Chunky Move Makes Australian Contemporary Dance Cool

Contemporary Dance. Back in the mid 1900s, the contemporary dance scene in Melbourne, Australia wasn’t much of anything. In America, Paul Taylor was taking the country by storm, choreographing and performing some of the most cutting edge pieces of art that anybody had ever seen. Before him, Martha Graham had paved the way for a new kind of dance in America. However, in Australia, most people were attracted to the ballet and contemporary dance was relatively unknown in the region. That is, until Gideon Obarzanek formed a small dance company in 1995, Chunky Move.

For the first three years, their reception in Melbourne was icy. Jeff Kennett, the Premiere of Victoria was unhappy with the companies opening and thought that they were slow to get started. The critics were not kind and Chunky Move decided to head off the beaten path completely. They brought themselves to the audience instead of having the audience come to them. The company started dancing in nightclubs on revolving stages, attracting a following and performing bizarre and edgy pieces breaking the mold and often bringing the audience to hysterics. They blended pop culture references and real dancing together, creating characters and storylines much like a stage production.

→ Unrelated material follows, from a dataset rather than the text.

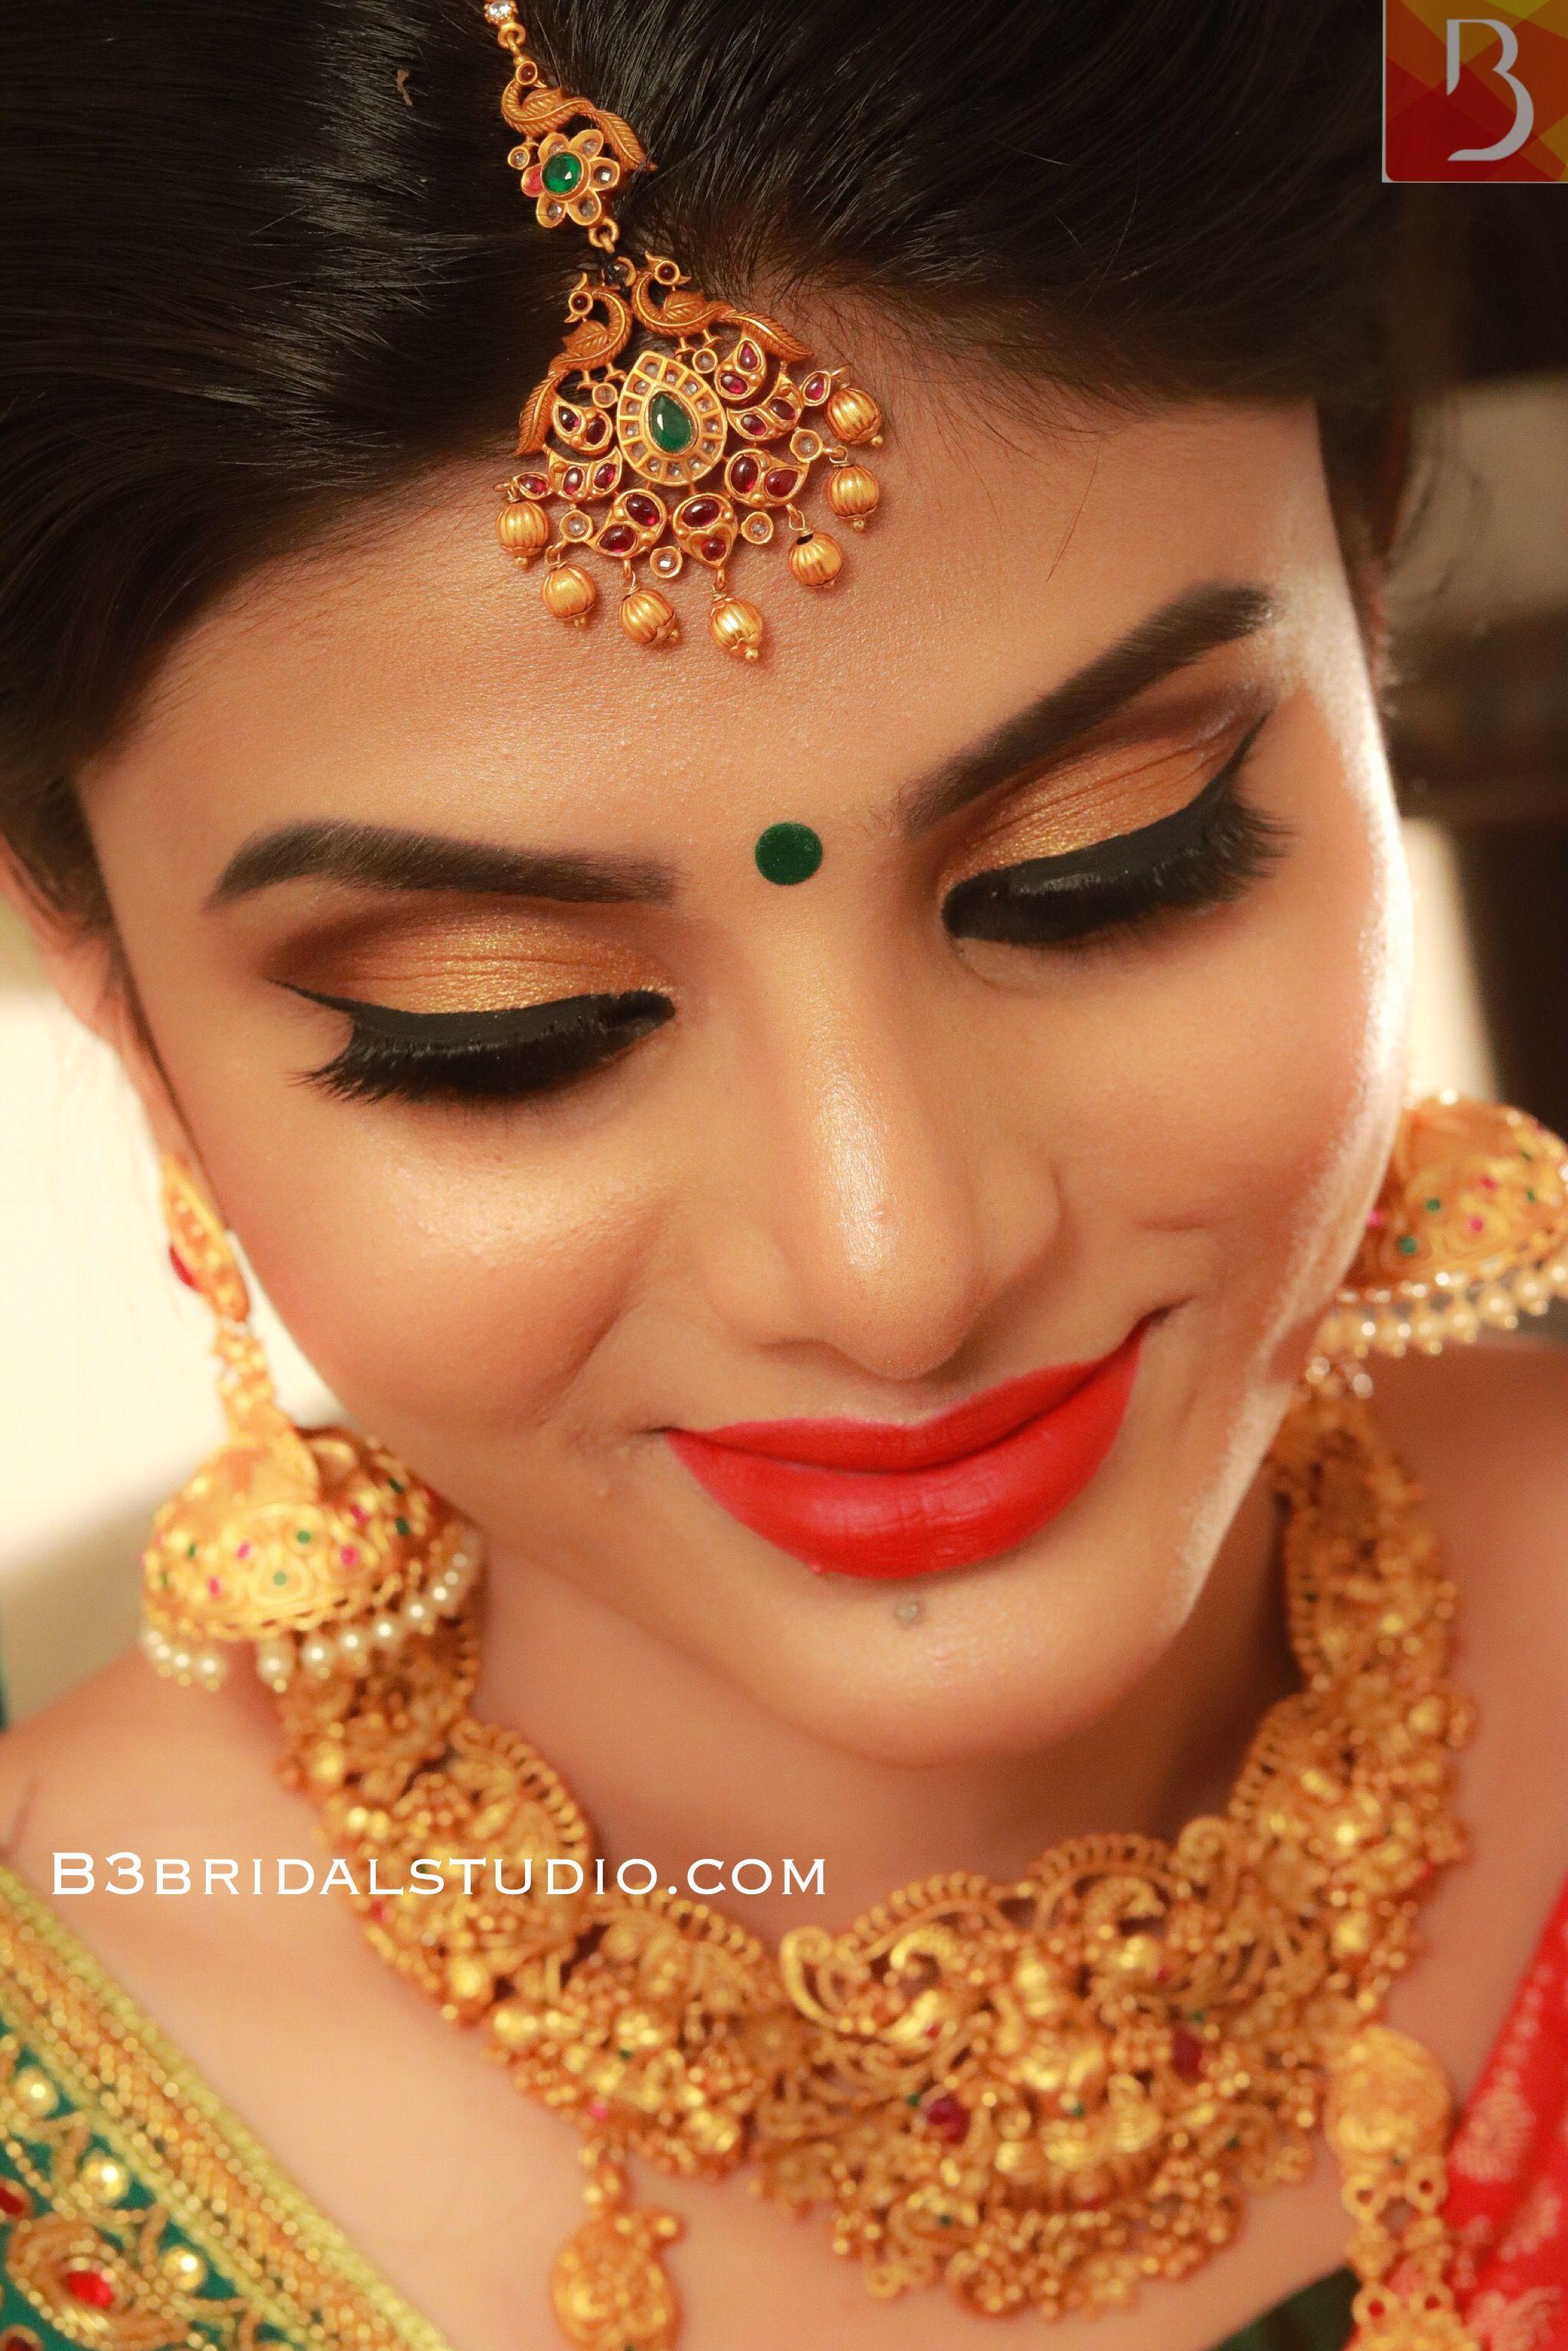 South Indian Bridal Makeup By Karthika B3bridalstudio Contact

Since then, the company has evolved into a more mature form of movement. Some of their most incredible pieces dig into what it is to be connected, to act as a group and what human nature is. In 2006 Gideon started a new collaboration, between technology and dance. At a conference a few years earlier, he had started a conversation with Frieder Weiss, a german interactive video systems maker. They started working together and created the piece Glow. A half hour dance with one person that takes place completely on the floor. A camera on the ceiling tracked the dancer’s movements and projected contrasting images onto the floor. This collaboration led to one of the companies most notable pieces, Mortal Engine. Again, a collaboration with technology and dance, using movement, sound and images in unison. 

In 2010 and 2011, the company embarked on two ambitious projects, one with a large group and the second, a very personal solo. Connected, was a piece designed around a kinetic sculpture of paper and metal. It was created by Reuben Margolin, a sculptor from California. The dancers were physically attached to it by tiny strings and as they moved, the sculpture moved in answer. When Alisdair Macindoe, a dancer with the company, was first linked to it, he said that it felt like a great wind moving behind him. Reuben and Gideon had created a special relationship between geometry and dance. They had created a sculpture that almost felt intentionally intrusive and perfectly fused with the dancers.

The more personal project was a solo by Gideon Obarzanek himself. It was an exposing piece, where he sits facing the audience and reading a cruel email, from a former student. It’s as though he’s looking the audience straight in the eye and daring them to see him for what he really is…

He really is a human, with flaws and imperfections. He scrunches up his face, he curls into a ball and he runs around singing off key, to music on his iPod. He is completely himself, while a room full of people sits and watches. It is, in my opinion, a truly brave portrayal of a human in a world where it is desirable to be perfect.

2011 also marked Gideon’s last year as creative director of Chunky Move. He handed the reins over to Anouk van Dijk, an Amsterdam based dancer and choreographer, who is most well known for her creation of the dance movement, Countertechnique.

Chunky Move seems to be a dance company that is fearless. They have taken a style of dance that not everybody appreciates, that some people find laughable or silly and they have brought it to the forefront of Australian culture. In a time and a place when “twerking” is considered dancing, they took the messiest, the most venerable and I think, the most courageous form of self-expression and they have made it sought after. They have created crowds of people begging to buy tickets and they have made contemporary dance cool.